Given a sorted list of shell-pair data, it is possible to construct all potentially important shell-quartets by pairing of the shell-pairs with one another. Because the shell-pairs have been sorted, it is possible to deal with batches of integrals of the same type or class (e.g., $(ss|ss)$, $(sp|sp)$, $(dd|dd)$, etc.) where an integral class is characterized by both angular momentum ($L$) and degree of contraction ($K$). Such an approach is advantageous for vector processors and for semi-direct integral algorithms where the most expensive (high $K$ or $L$ integral classes can be computed once, stored in memory (or disk) and only less expensive classes rebuilt on each iteration.
While the shell-pairs may have been carefully screened, it is possible for a pair of significant shell-pairs to form a shell-quartet which need not be computed directly.
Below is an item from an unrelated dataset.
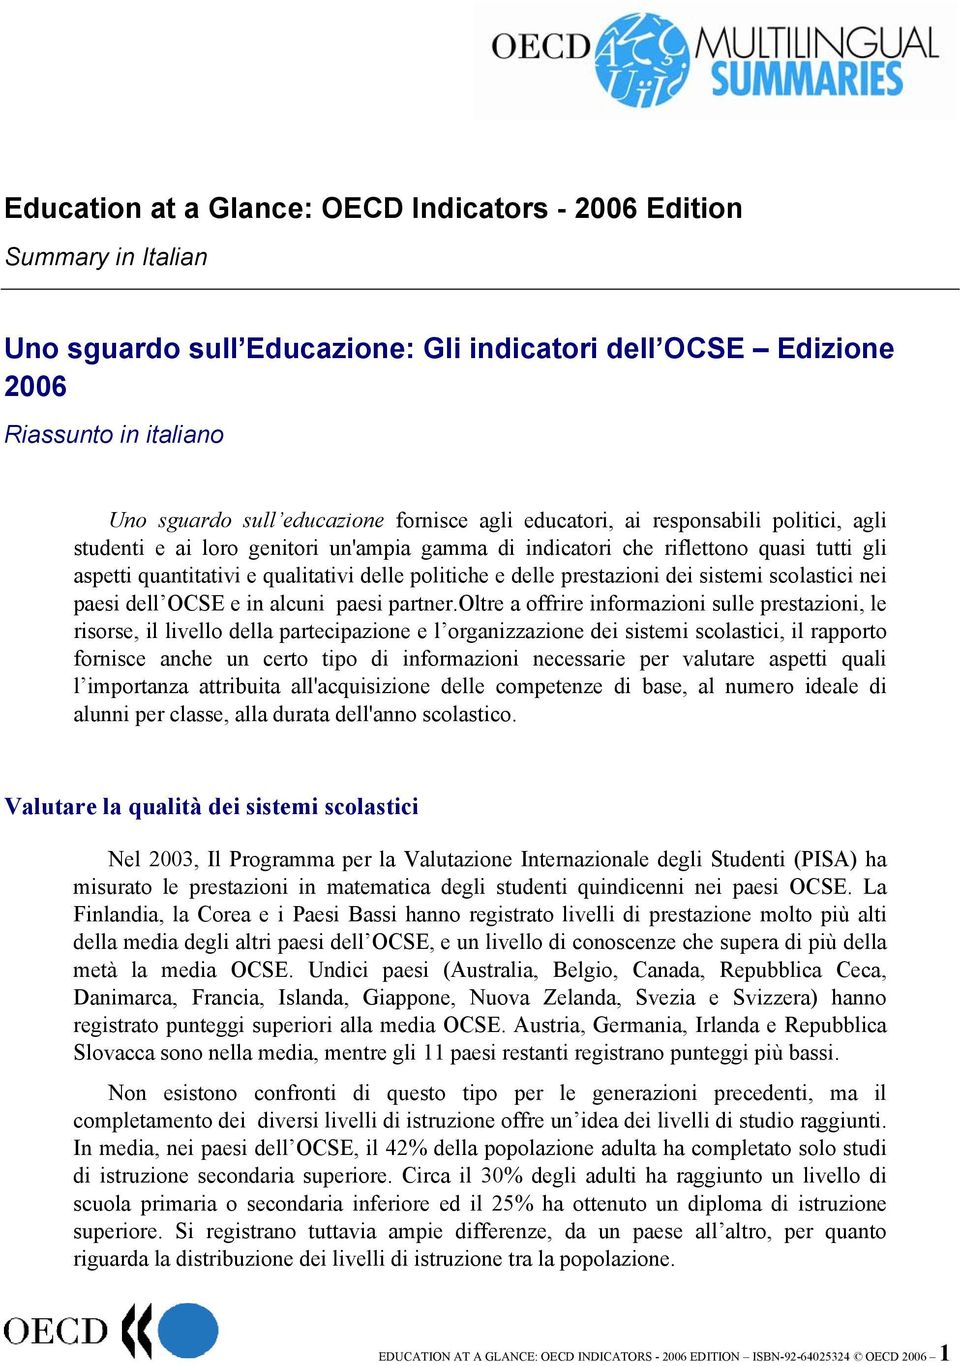 prestazioni dei sistemi scolastici nei paesi dell OCSE e in alcuni paesi partner.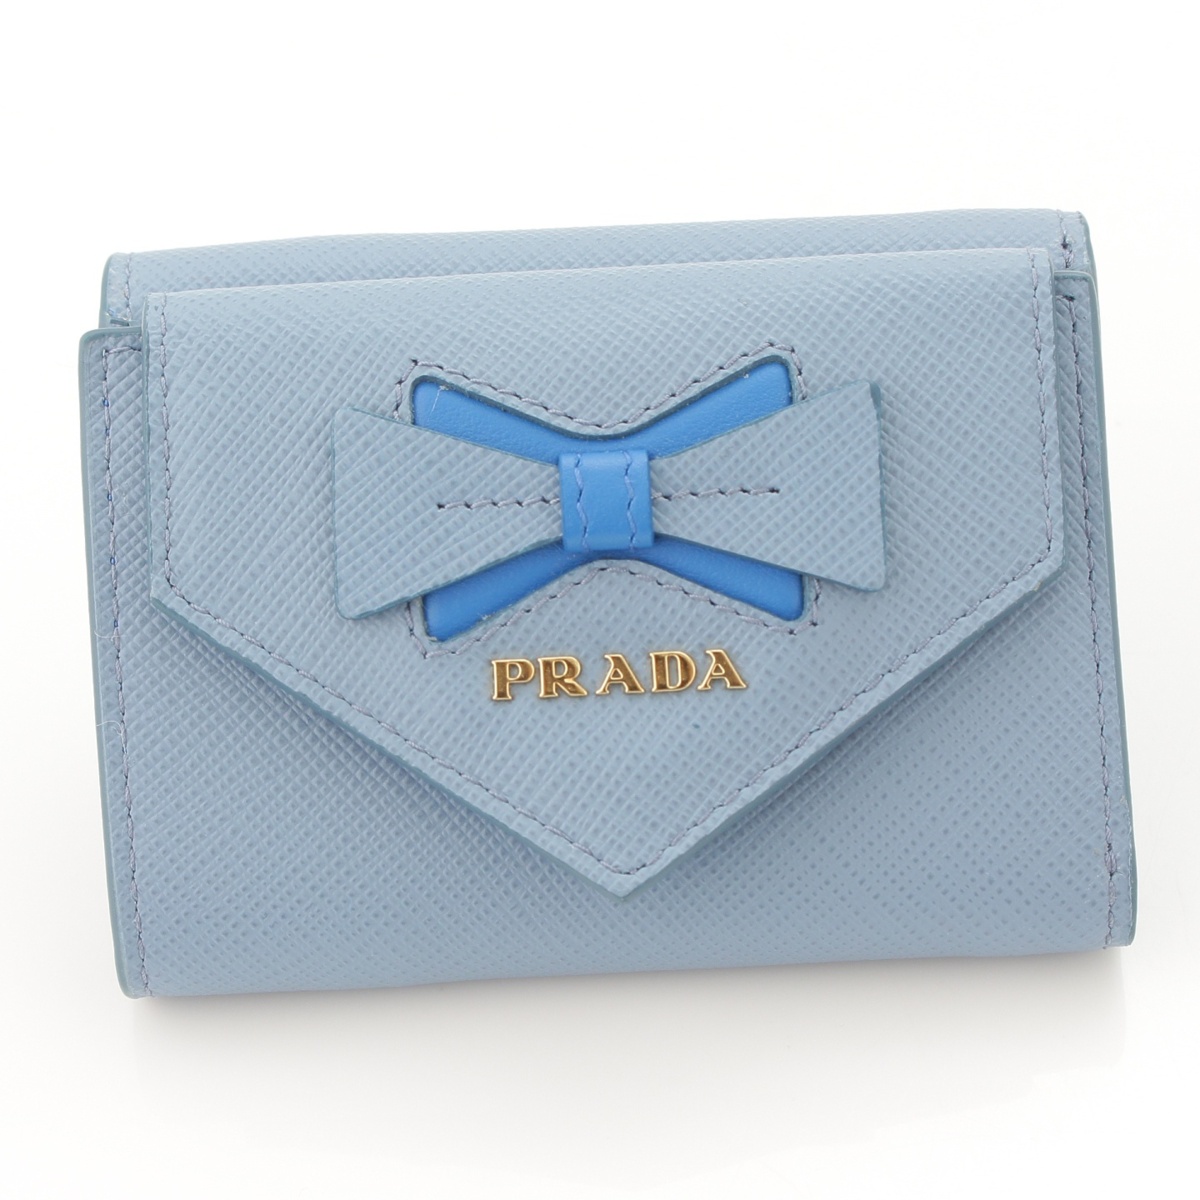 プラダ(Prada) 現行品 サフィアーノ リボン 三つ折り財布 1MH021 ブルー

Three cases are:
The quartet is equivalent, by point group symmetry, to another quartet already treated.
The quartet can be ignored on the basis of cheaply computed ERI bounds^{297} on the largest quartet bra-ket.
On the basis of an incremental Fock matrix build, the largest density matrix element which will multiply any of the bra-kets associated with the quartet may be negligibly small.
Note: Significance and negligibility is always based on the level of integral threshold set by the $rem variable THRESH.